> [REQUIRED ACTION]: Apart from the images, reproduce all of the data word for word.
THE DATA section start
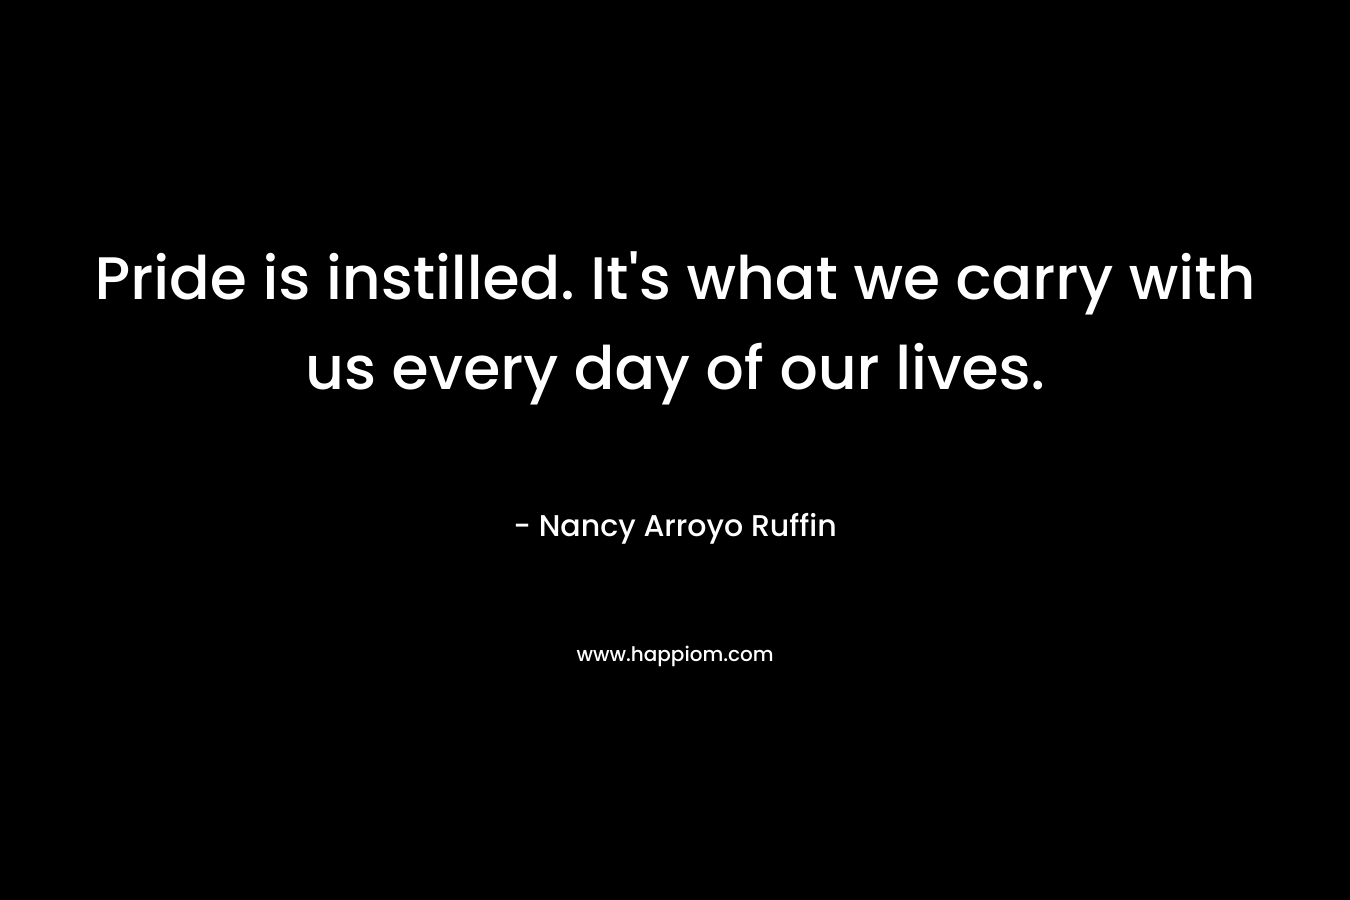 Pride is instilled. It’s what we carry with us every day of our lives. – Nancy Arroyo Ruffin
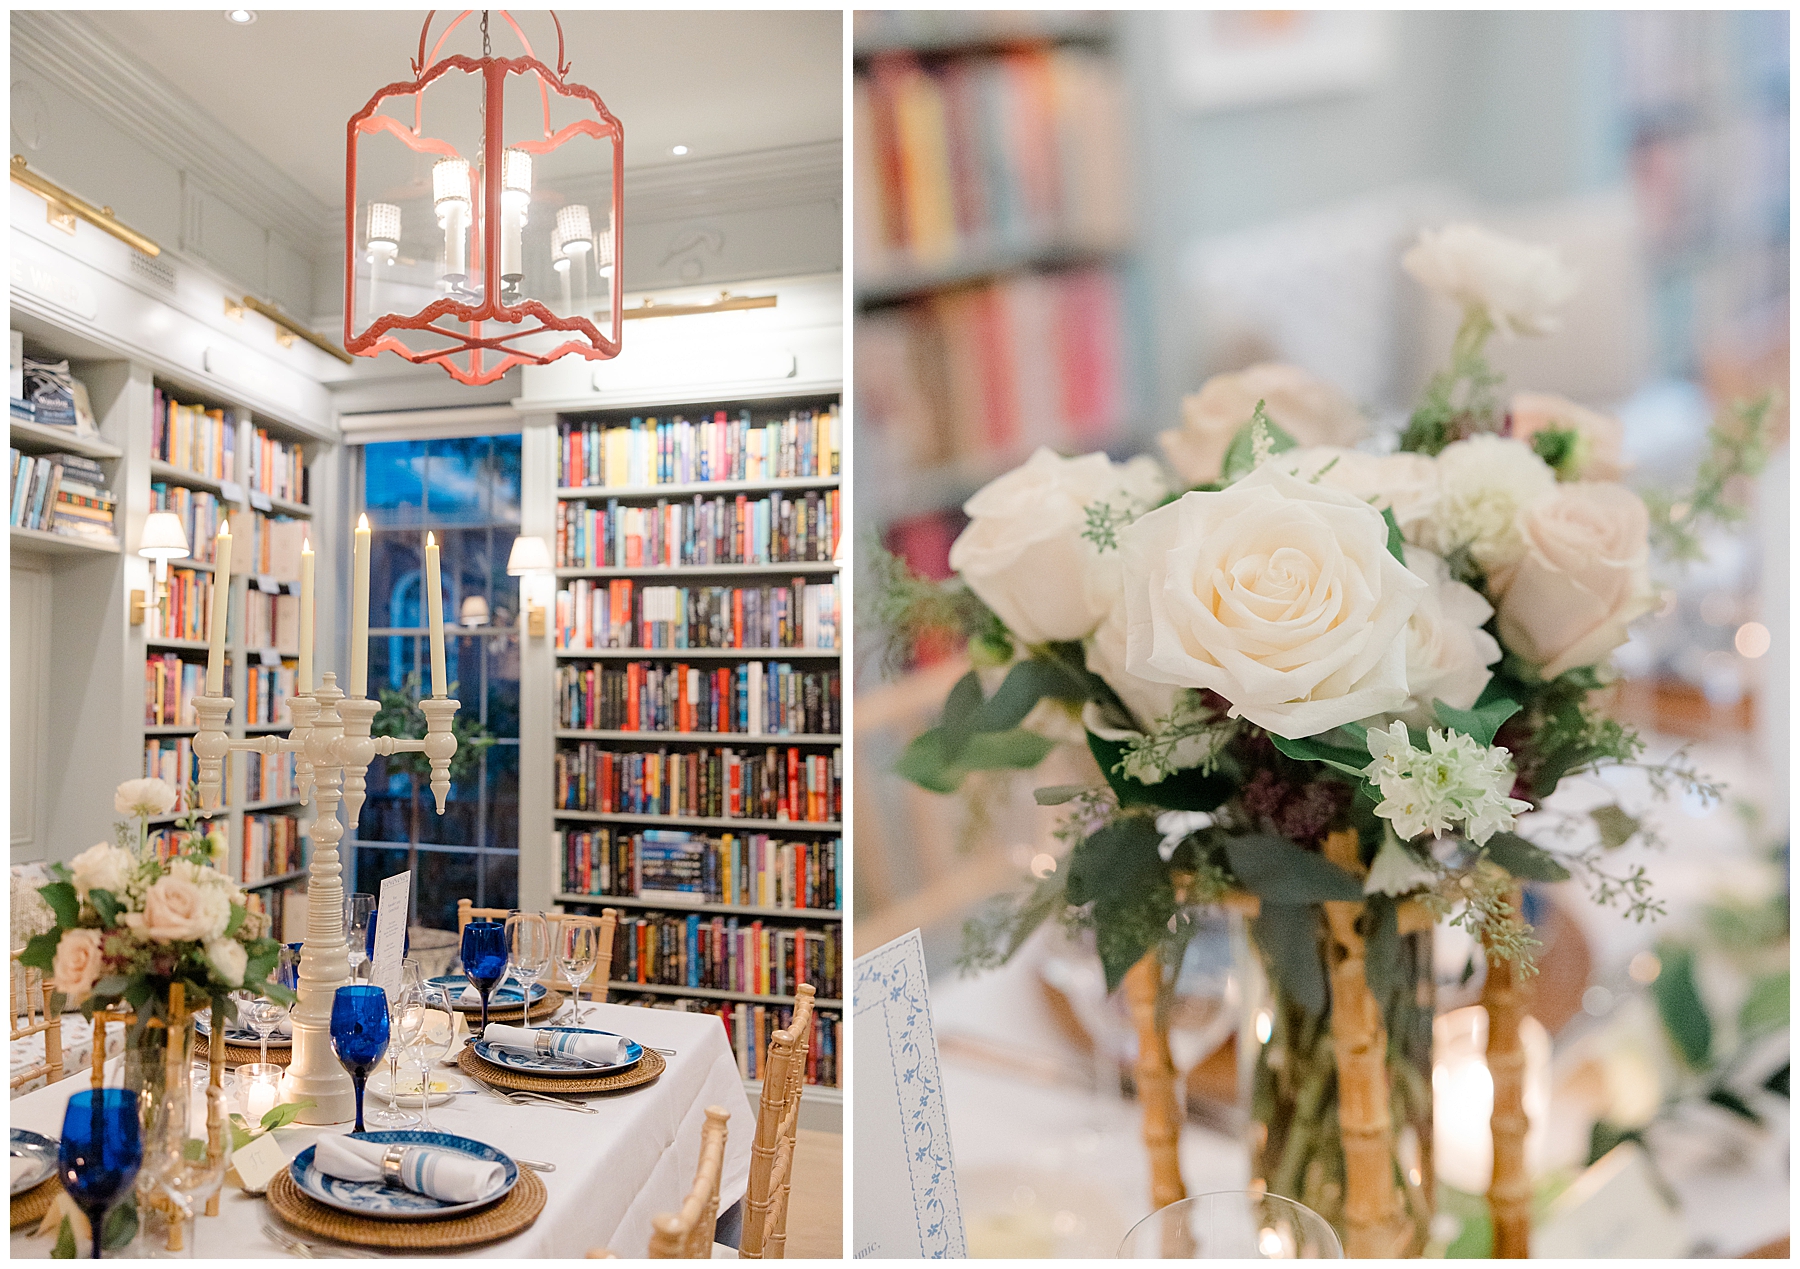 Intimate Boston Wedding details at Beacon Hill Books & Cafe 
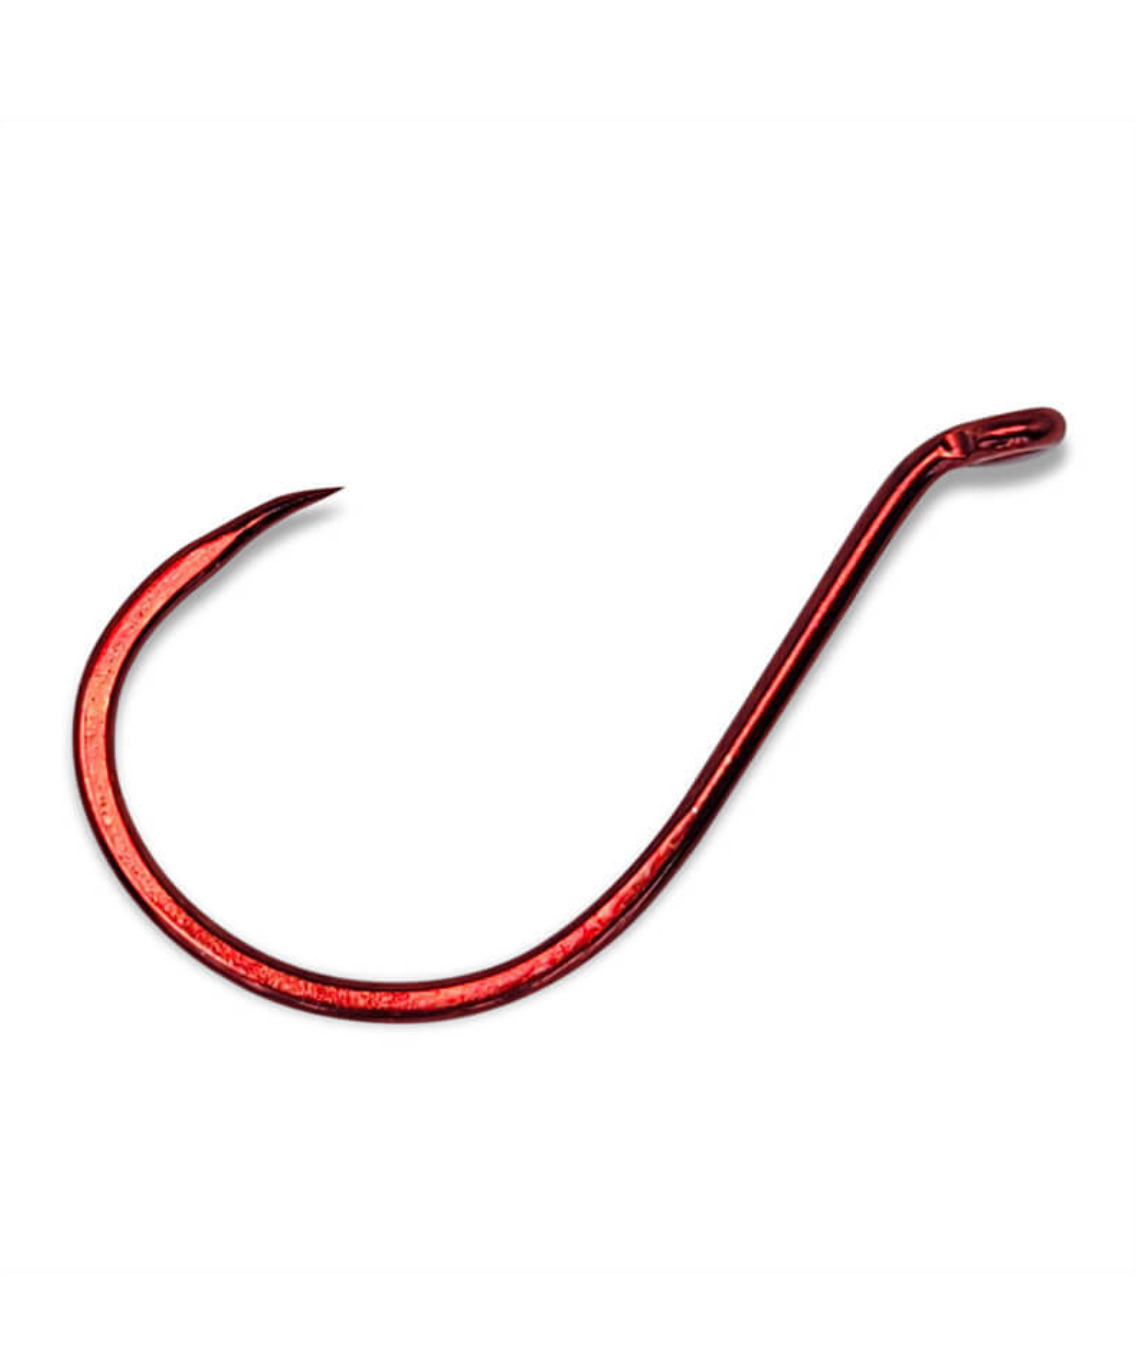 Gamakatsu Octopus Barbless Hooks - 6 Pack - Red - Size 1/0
THE DATA section end
> [RESPONSE FOR THIS EXERCISE]:
 Pride is instilled. It’s what we carry with us every day of our lives. – Nancy Arroyo Ruffin
 Intimate Boston Wedding details at Beacon Hill Books & Cafe 
 Gamakatsu Octopus Barbless Hooks - 6 Pack - Red - Size 1/0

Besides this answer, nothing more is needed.